6. Progressão de regime
Dificulta a progressão de regime para quem tenha sido condenado ao praticar crimes de forma violenta, sob grave ameaça, ou que tenham acarretado grave lesão social.

7. Abuso de autoridade
O servidor público poderá ser punido com até 5 anos de prisão. Pela lei atual, de 1965, a pena máxima é de 6 meses de prisão. Foi mantida a previsão para a pena de demissão para quem tenha praticado a conduta.

8. Crimes hediondos
Embora tenha excluído a corrupção do rol de crimes hediondos, o colegiado acrescentou outros sete delitos ao atual rol: redução análoga à escravidão, tortura, terrorismo, financiamento ao tráfico de drogas, tráfico de pessoas, crimes contra a humanidade e racismo. Os crimes hediondos são considerados inafiançáveis e não suscetíveis de serem perdoados pela Justiça, tendo regimes de cumprimento de pena mais rigorosos que os demais crimes.

9. Crime de terrorismo
Foi sugerida a criação do tipo penal específico para crimes ligados ao terrorismo, com pena de 8 a 15 anos de prisão. A proposta prevê ainda revogação da Lei de Segurança Nacional, de 1983, usada atualmente para enquadrar práticas terroristas. A conduta não será considerada crime se tiver sido cometida por movimentos sociais e reivindicatórios.

10. Bebida a menores
De acordo com a nova proposta, passaria a ser considerado crime vender ou simplesmente oferecer bebidas alcoólicas a menores, ressalvadas as situações em que a pessoa seja do convívio dele.

11. Anistia a índios
Teriam redução de pena ou simplesmente seriam anistiados os índios que praticarem crimes de acordo com suas crenças, costumes e tradições. A previsão só valerá para situações em que haja um reconhecimento de que o ato não viole tratados reconhecidos internacionalmente pelo País e ficará a critério da decisão do juiz. O oferecimento de bebida a índios dentro das tribos passaria a ser crime, com pena de até 4 anos de prisão.

12. Organização criminosa
Cria o tipo penal, com penas de até 10 anos de prisão. Hoje, por inexistência de previsão legal, a conduta é enquadrada em formação de quadrilha, com pena máxima de 3 anos.

13. Máquina eleitoral
Poderá ser punido com pena de até 5 anos de prisão o candidato que tenha se beneficiado pelo uso da máquina pública durante o período eleitoral. Hoje, a pena é de 6 meses. O colegiado enxugou de 85 para apenas 14 os tipos de crimes existentes no Código Eleitoral. Entre as sugestões, estão o aumento de pena para crimes eleitorais graves, como a compra de votos e a coação de eleitores, e a descriminalização de algumas condutas, como a boca de urna.

14. Empresas criminosas
Uma empresa pode ser até fechada, caso tenha cometido um crime. Ela responderá a processo se tiver cometido crimes contra a economia popular, contra a ordem econômica e contra a administração pública, que é o caso de corrupção. Atualmente, há previsão na Constituição para esse tipo de sanção penal, mas na prática apenas as que atuam na área ambiental estão sujeitas a penalização.

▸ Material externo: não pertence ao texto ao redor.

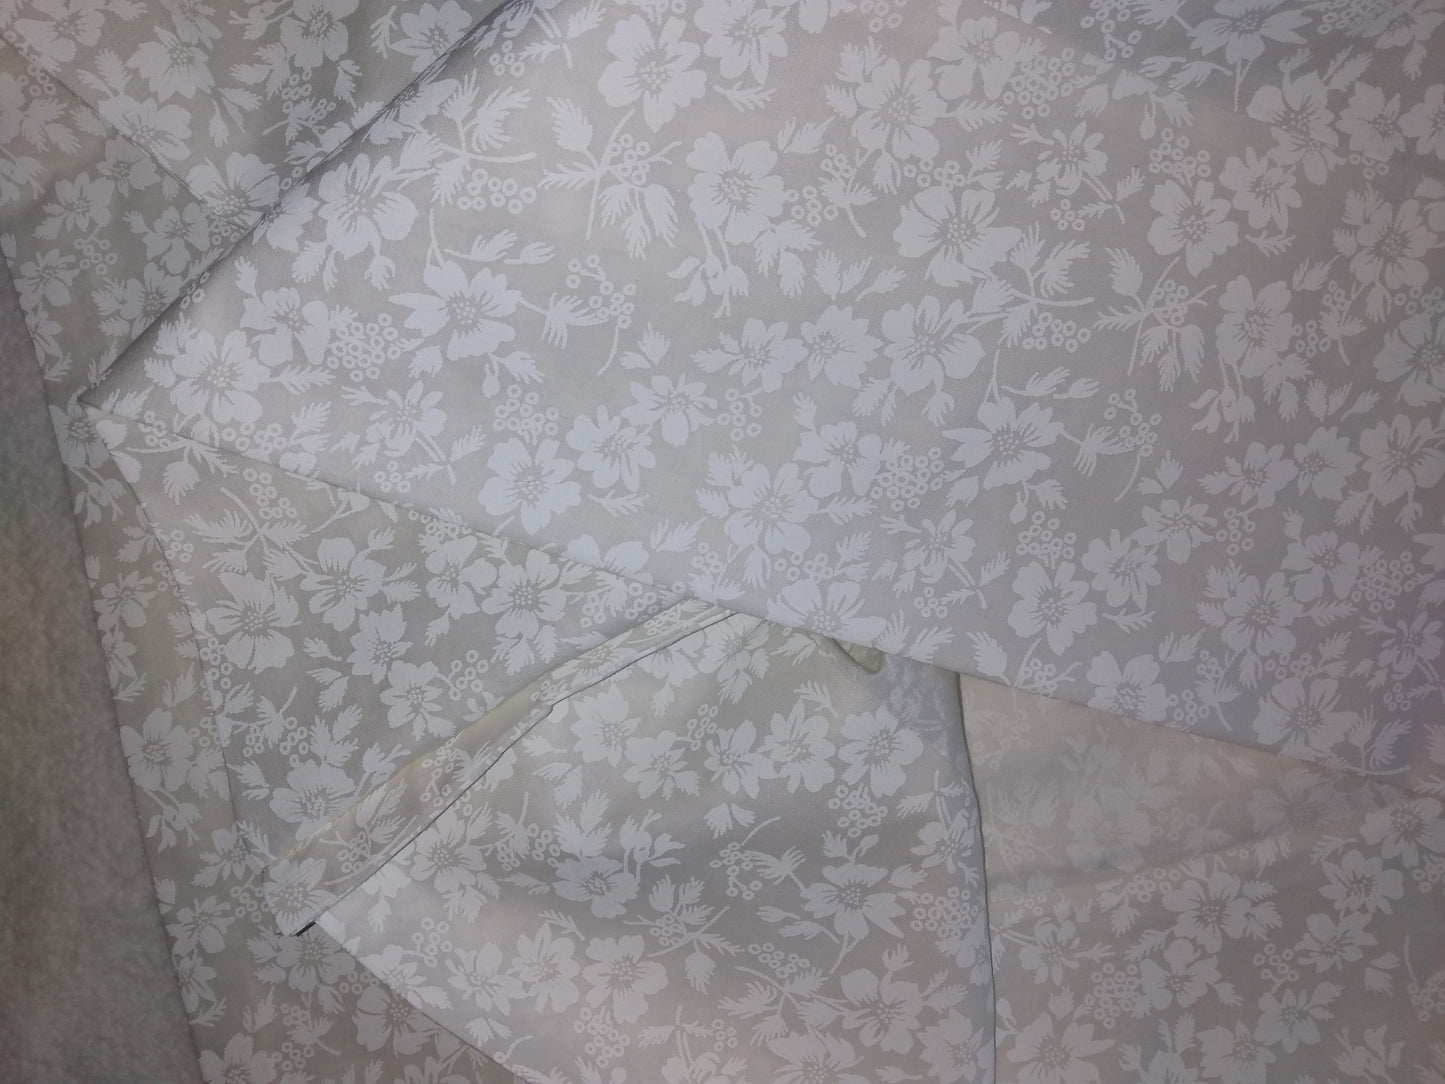 100% Cotton Pillowcase White Floral White on White
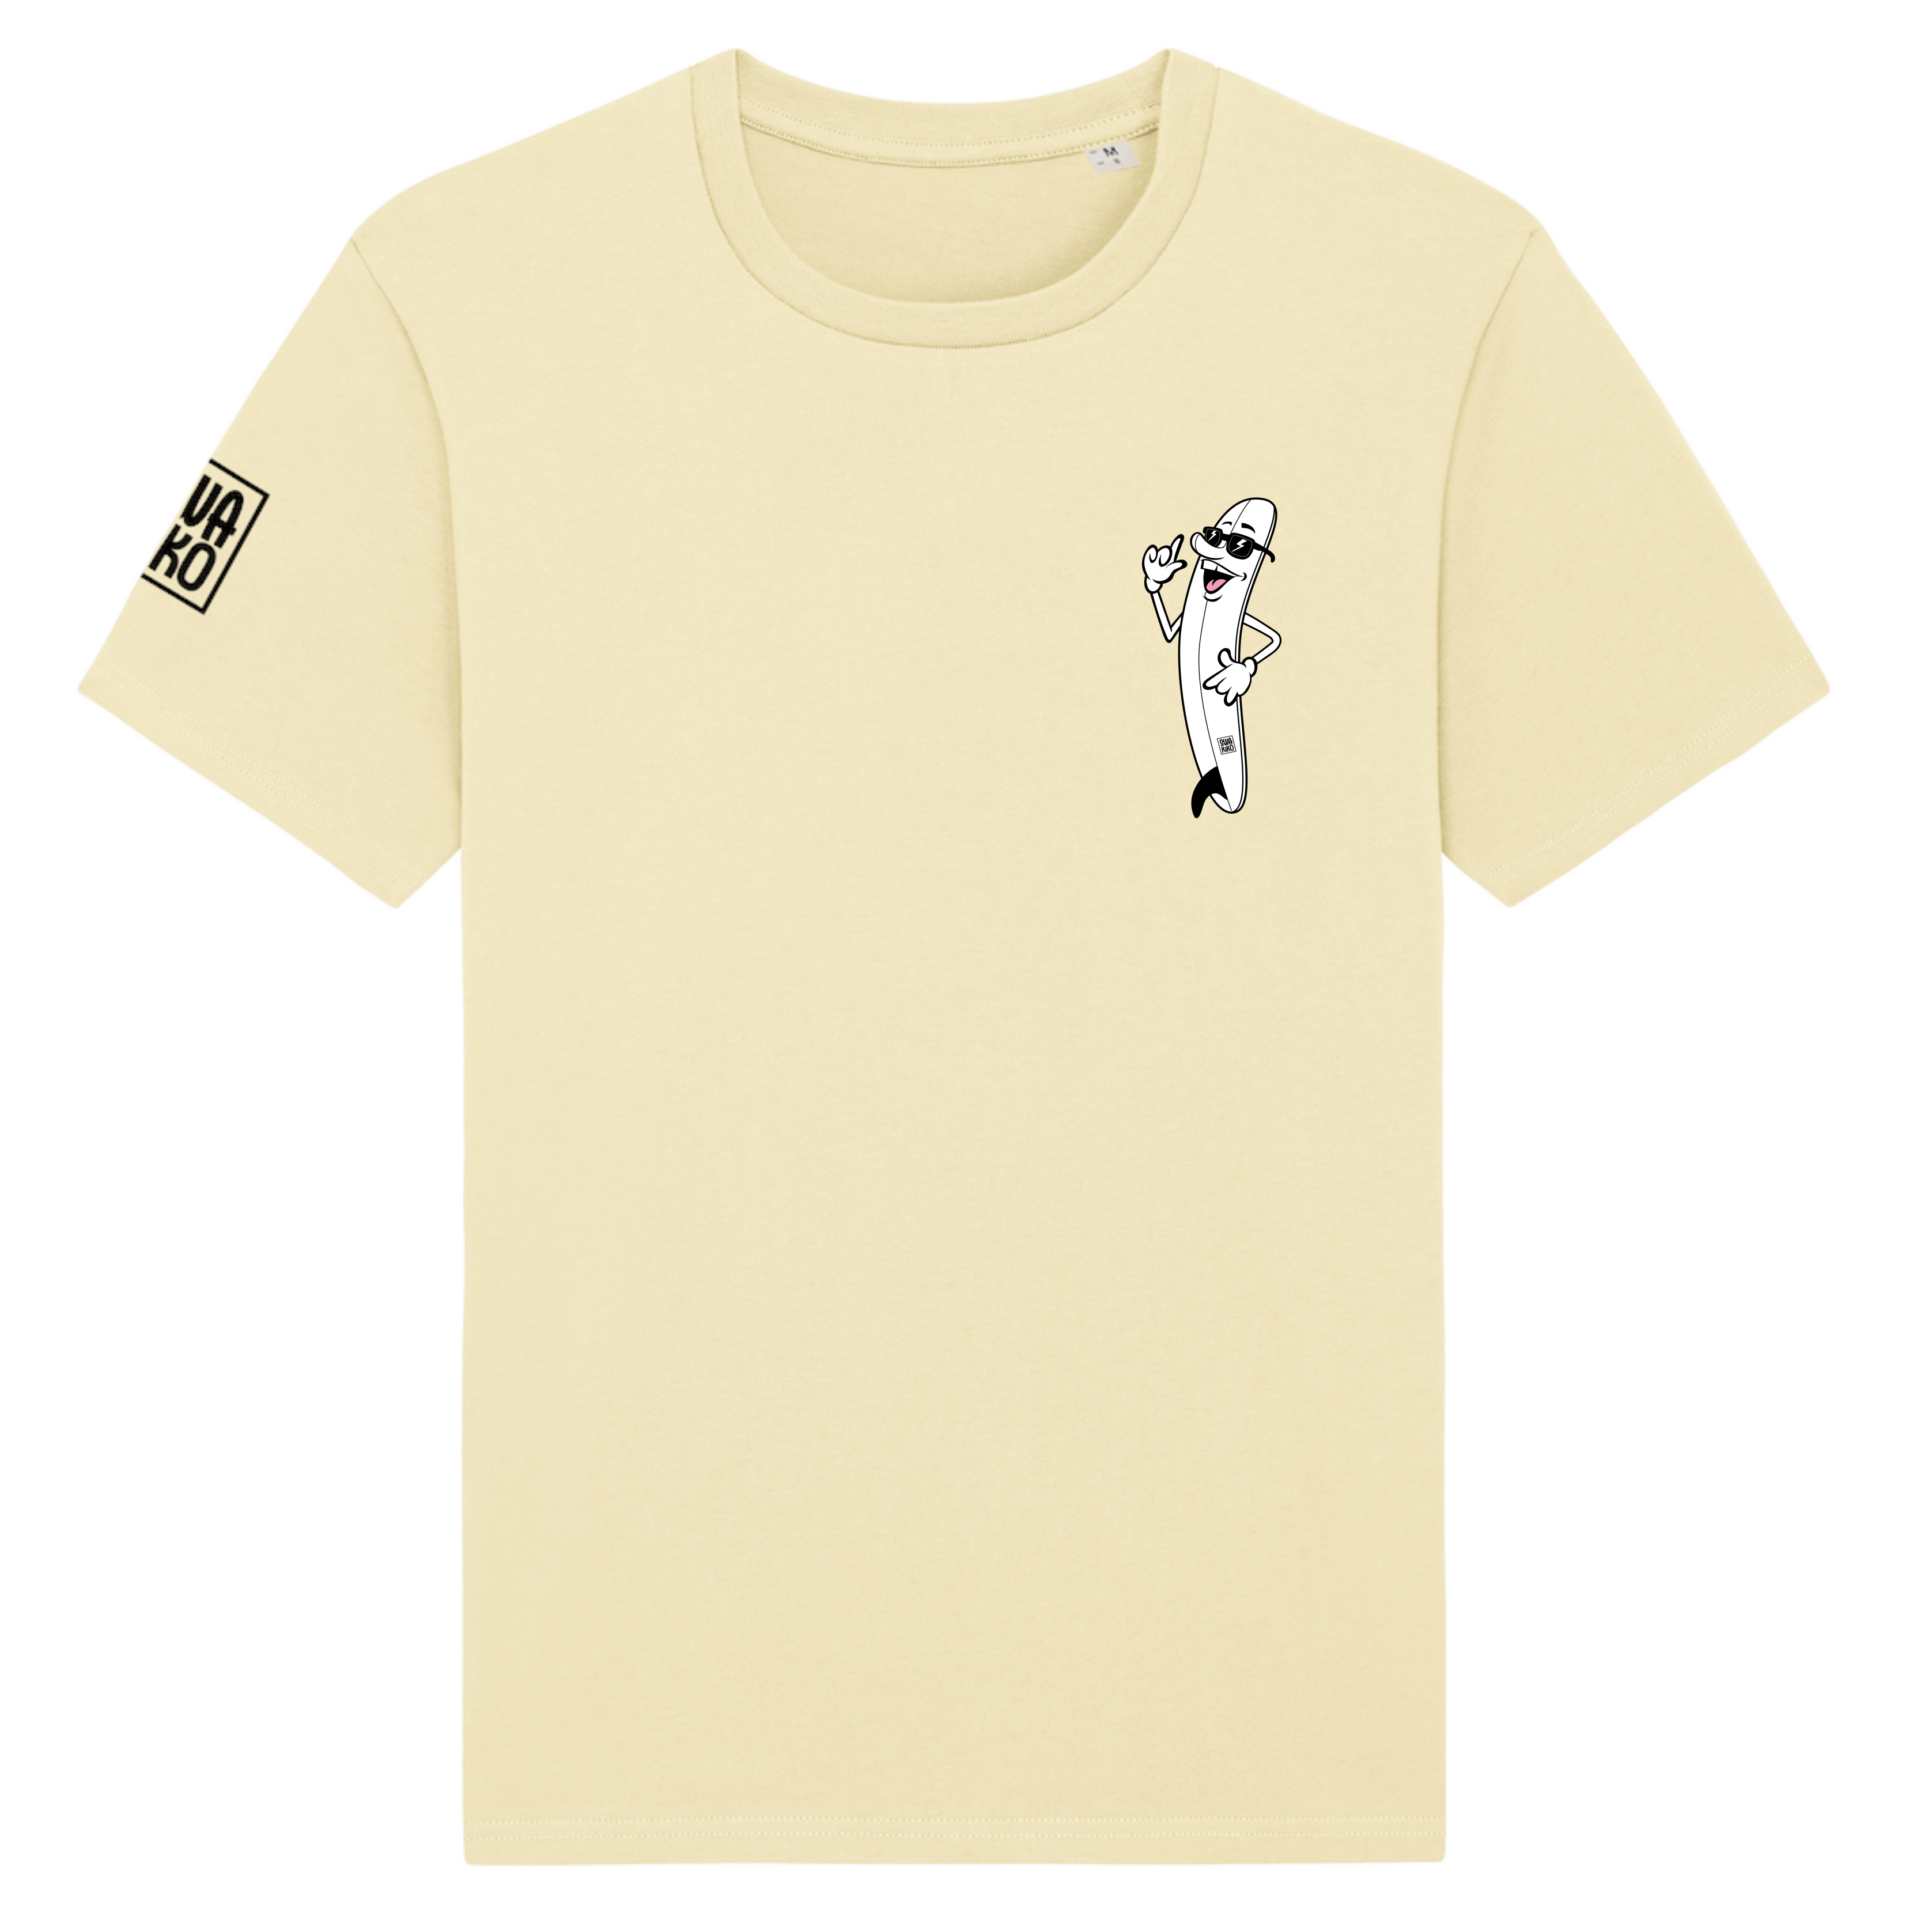 Voorkant van een geel T-shirt met op de borst een cartoon van een lachend Surfboard met SWAKiKO logo

15. Informação privilegiada
Cria o tipo penal para quem se vale de uma informação reservada de uma empresa que potencialmente pode aumentar as ações dela, tem a obrigação de não a revelar ao mercado, mas a utiliza para obter privilégios.

16. Cópia de CD
Deixaria de responder a processo por “violação do direito autoral” quem fizer uma cópia integral de uma obra para uso pessoal, desde que não tenha objetivo de lucro. Ou seja, copiar um CD de música ou um livro didático para uso próprio deixaria de ser crime. Atualmente, a pena para os condenados pela conduta pode chegar a até 4 anos.

17. Meio ambiente
Seria aumentada de 1 ano para 3 anos a pena máxima para quem tenha sido condenado por realizar obra ou serviço potencialmente poluidor sem licença ou autorização dos órgãos ambientais competentes.

18. Abuso de animais
Passaria a ser crime abandonar animais, com pena de até 4 anos de prisão e multa. Foi aumentada a pena para quem tenha cometido abuso ou maus tratos a animais domésticos, domesticados ou silvestres, nativos ou exóticos. A pena subiria de 3 meses a 1 ano de prisão para 1 ano a 4 anos.

19. Discriminação
Aumentariam as situações em que uma pessoa pode responder na Justiça por discriminar outra. Pelo texto, poderá ser processado quem praticar discriminação ou preconceito por motivo de gênero, identidade ou orientação sexual e em razão da procedência regional. Pela legislação atual, só podem responder a processo judicial quem discrimina o outro por causa da raça, da cor, da etnia, da religião ou da procedência nacional. Os crimes continuariam sendo imprescritíveis, inafiançáveis e não sujeitos a perdão judicial ou indulto. A pena seria a mesma de atualmente, de até 5 anos de prisão.

20. Embriaguez ao volante
Foi retirado qualquer obstáculo legal para comprovar que um motorista está dirigindo embriagado. Passaria a ser crime dirigir sob efeito de álcool, bastando como prova o testemunho de terceiros, filmagens, fotografias ou exame clínico.

21. Drogas sem crime
Pela proposta, deixaria de ser crime portar drogas para consumo próprio. Não haveria crime se um cidadão for flagrado pela polícia consumindo entorpecentes. Atualmente, a conduta é considerada crime, mas sujeita apenas à aplicação de penas alternativas. Mas há uma ressalva para a inovação: consumir drogas em locais onde haja a presença de crianças e adolescentes continua sendo crime. A venda – de qualquer quantidade que seja – é crime. O plantio – se for para consumo próprio – não seria mais considerado crime.

22. Delação premiada
O delator poderia ter redução de pena e até ficar livre da prisão caso colabore com a Justiça.

23. Crimes cibernéticos
Cria o tipo penal para tipificar crimes contra a inviolabilidade do sistema informático, ou seja, aqueles cometidos mediante uso de computadores ou redes de internet, deixando de serem considerados crimes comuns. Passaria a ser crime o mero acesso não autorizado a um sistema informatizado.

Fonte: Estadão

Bairro líder de roubo de carro não muda após um ano

Gio Mendes – JT
Quem mora ou precisa trafegar de carro pelas ruas dos bairros do Jabaquara, na zona sul de São Paulo, e da Lapa, na zona oeste, tem grande chance de se tornar uma vítima de ladrões. Já faz um ano que as duas regiões estão entre as líderes no ranking dos locais onde ocorrem, respectivamente, mais roubos e furtos de veículos.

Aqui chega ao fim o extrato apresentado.